ВИКТОР: А как надо было?
ЕВА: Можно было застрелить из пистолета.
ВИКТОР: Это все равно.
ЕВА: А шея? Гляди, какая у меня шея! Вся синяя.
ВИКТОР: Ты же вернулась откуда-то с синяком?
ЕВА: Жалко тебе, что ты меня убил?
ВИКТОР: Жалко.
Ева нюхает кокаин. Виктор пьет.
ЕВА: Я завела себе любовника.
ВИКТОР: Зачем, Ева?
ЕВА: Молодой, красивый, кожа у него пахла корицей, и язык у него был как пламя.
ВИКТОР: Сейчас уже женат.
ЕВА: Скорее всего, дорогой.
ВИКТОР: Дети уже большие. Живот отпустил.
ЕВА: Со всеми так.
ВИКТОР: Давно нюхаешь?
ЕВА: Как нюхну, мне вроде полегче. Отпускает. А то все кошмары какие-то. Как будто я падаю в море. Меня глотает кит… Там две женщины. Занимаются любовью. Тяжело дышат, сопят… Конца-края нет. Темно. Я ищу их. А их нигде нет.

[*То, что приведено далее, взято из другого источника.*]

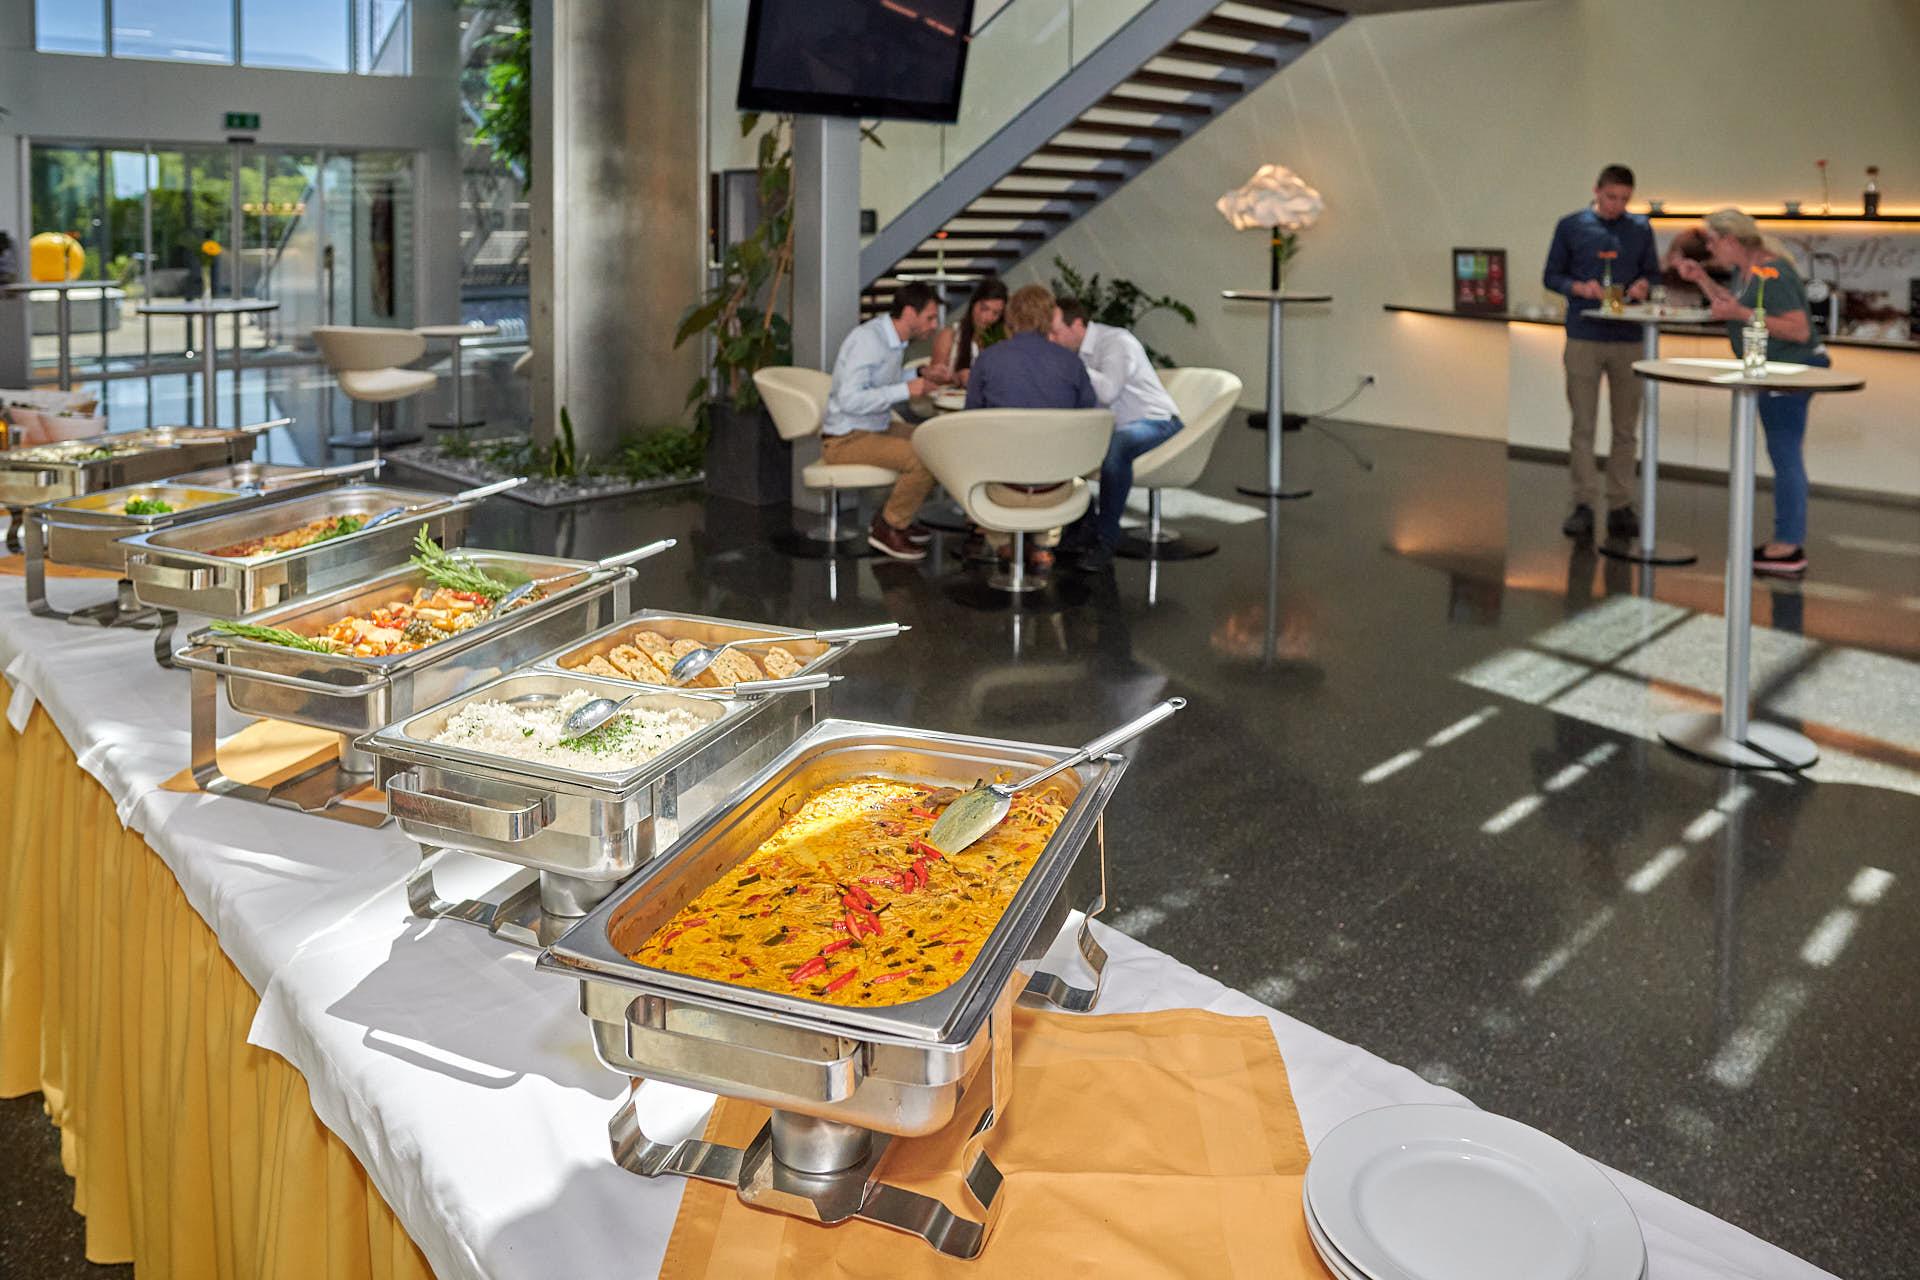 Zu Mittag gibt es ein reichhaltiges Buffet.

Я ору: «Ненавижу сидеть в потемках, ненавижу сидеть в потемках» и превращаюсь в слезу, кит меня выплакивает, и я опять у нас дома… Мне всегда легче становится… И еще напоминает о моем любовнике.
ВИКТОР: Неужели обязательно все время вспоминать про него?
ЕВА: А ты еще ревнуешь, дорогой?
ВИКТОР: Ревную, Ева.
ЕВА: Жалко тебе, что меня убил?
ВИКТОР: Да перестань ты, наконец.
Пауза.
ВИКТОР: Что мне теперь делать?
ЕВА: Стареешь, дорогой.
ВИКТОР: Одиноко мне, Ева.
ЕВА: А чего бы тебе не покончить с собой, дорогой?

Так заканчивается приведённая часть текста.